Update Nov 14. I found the recent paper of Saias and Weingartner "Zeros of Dirichlet series with periodic coefficients", Acta Arithmetica 2009 where they get the same results that I indicated above, but also that there exists zeros to the right of the critical strip. Namely there exists some $\eta>0$ such that there are $\gg T$ zeros in any strip $1 \leq \sigma_0 <\Re(s) < \sigma_1 \leq 1+\eta$. This is actually simpler to prove since the Dirichlet series is absolutely convergent and the joint universality result is not needed, and more classical results of Bohr can be used instead.
Regarding zeros on the left of the critical line. The same result should hold in that in any vertical strip  there exists $\gg T$ zeros. While this is not done in Saias-Weingartner as far as I can see it follows from the functional equation and using joint universality for the L-series in $1/2<\Re(s)<1$. Now we have two different functional equations depending on whether the L-series is odd or even it differs slightly in the Gamma-factors (this is the reason why the argument in my first answer is not applicable. See below). However Stirlings formula should imply that they do not differ sufficiently for this argument not to hold.
Further results we can get unconditionally is that there are about $T \log T$ with imaginary part less than $T$. It is not too difficult to prove that if we have a closed vertical strip that does not include the critical line,  that the right order of magnitude actually is $T$, from which it would follow that for any open vertical strip including the critical line would have $T\log T$, i.e. the majority of the zeros, so the zeros should cluster around the critical line. Explicit results in this direction are included in the paper of Jörn Steuding "On Dirichlet series with periodic coefficients", Ramanujan Journal 2002 where he proves these results, i.e. clustering around $\Re(s)=1/2$, as well as other estimates (Another related paper is Garunkstis-Steuding "On the zero distribution of the Lerch zeta-function" where they prove corresponding results for the Lerch zeta function).
However to prove that they lie exactly on the critical line I believe that they must satisfy the same functional equation (see below) so an analogue of the Hardy function can be found and worked with.
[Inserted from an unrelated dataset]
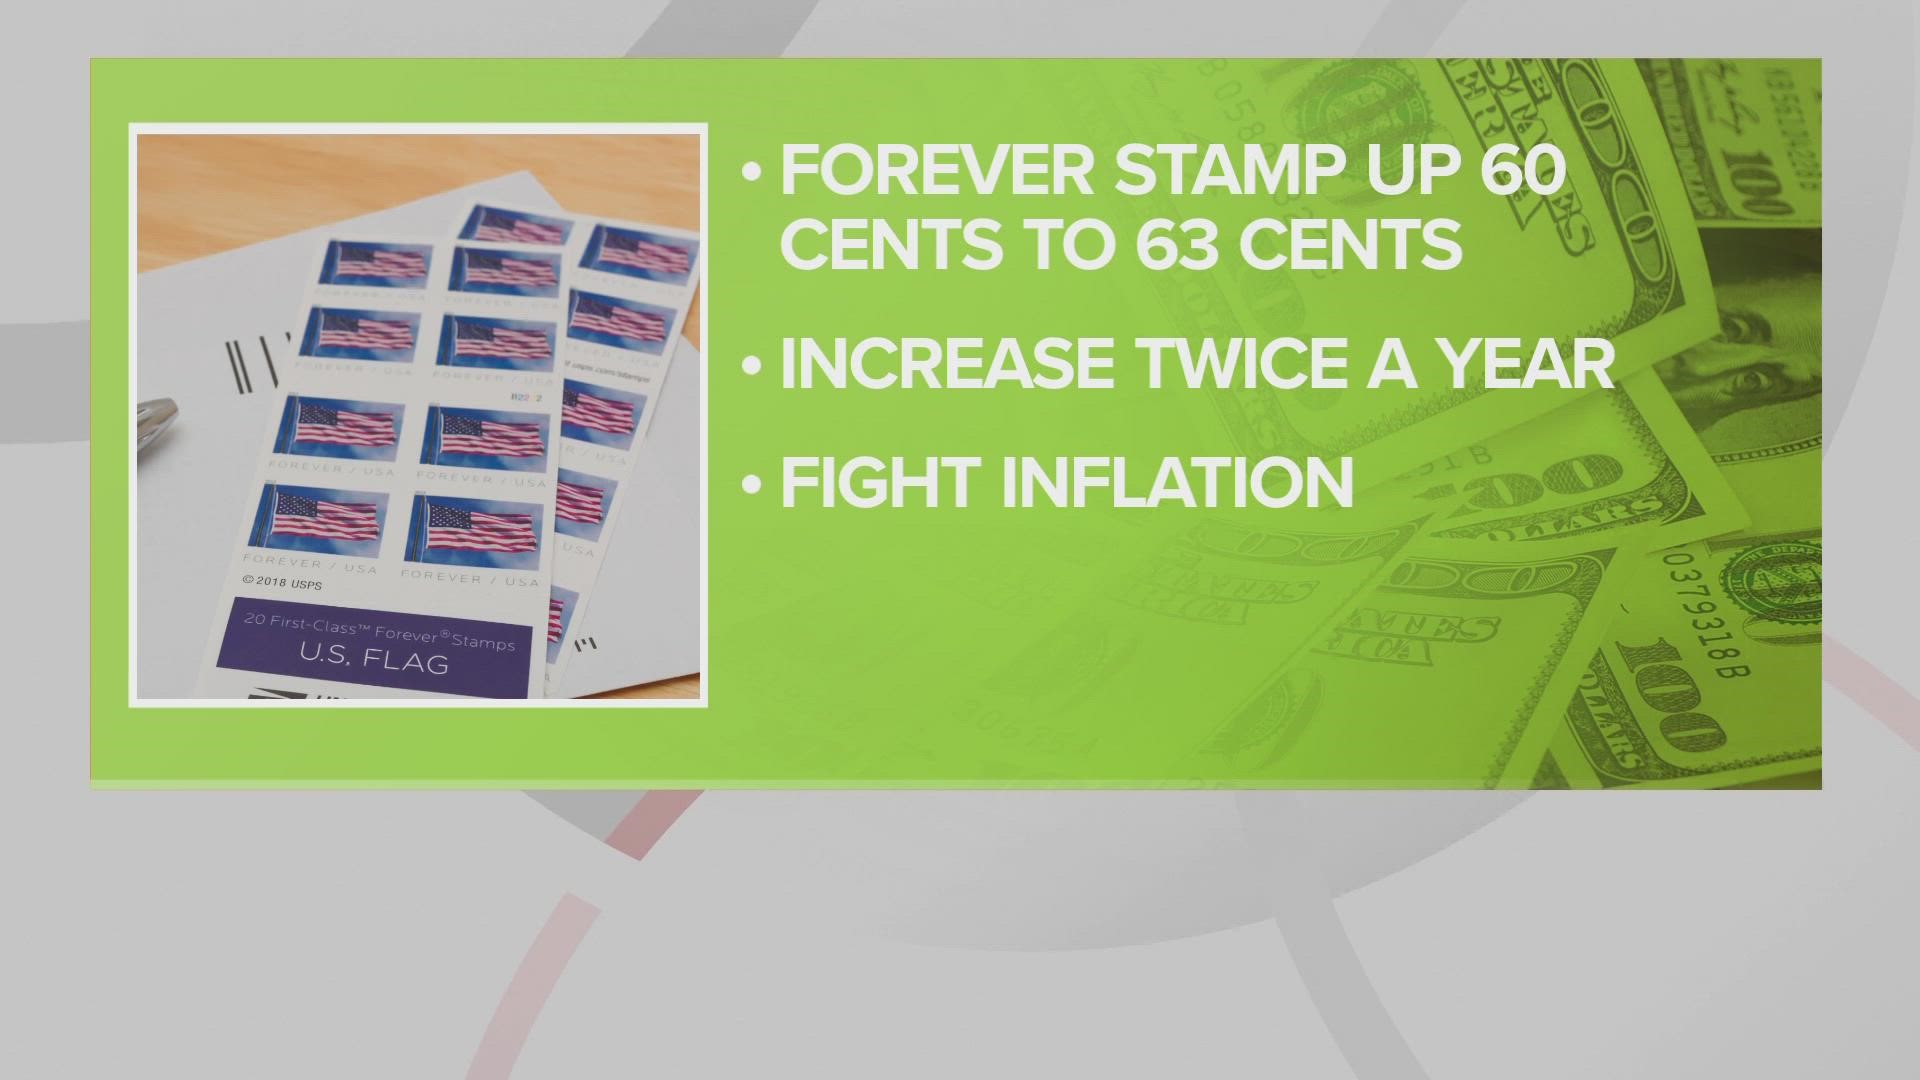 The price of Forever stamps increased from 60 cents to 63 cents on Sunday. USPS says the price hike will offset the rise in inflation.

Therefore it is not clear (I am not sure about this though) that there should be any zeros exactly on the critical line (at least in order for there to be zeros on any particular line there should be a reason for it, since the zeros are countable, but the reals in an intervals are uncountable). Numerical experiments are welcome (I am not doing them though.).
Edit after comment of John below: I had originally thought that Bombieri and Hejhal's, and Hejhal's and Selberg's later results on linear combinations of L-functions would have applied on this problem, but as John pointed out below, this should not be the case, since the L-functions have to have the same Functional equation.  Selberg's latest (unpublished) result would have yielded a positive proportion (order of $T \log T$ of zeros on the critical line), and Bombieri-Hejhal's (conditional on RH and weak Montgomery pair correlation conjecture) would have yielded the true asymptotics, if this would have been the case.  
I checked one of Hejhal's papers on this subject, and John is  right in his comment below. The condition to apply this method is that the Gamma-factors in the functional equation and the modulus are  the same. When we consider a linear combination of Dirichlet L-functions we have to have a combination of only odd or even Dirichlet characters and the same modulus. For the Hurwitz zeta-function of rational parameters all Dirichlet characters will appear and thus this example is not of this type. 
Thus I do not have an answer regarding zeros on the critical line. However the argument that shows that we have at least the order of $T$ zeros  in any vertical strip $1/2 \leq \sigma_1<\Re(s)<\sigma_2 \leq 1+\eta$ with imaginary part less than $T$ still holds. Thus at least we know that Riemann hypothesis is not true for this function.
                                   Johan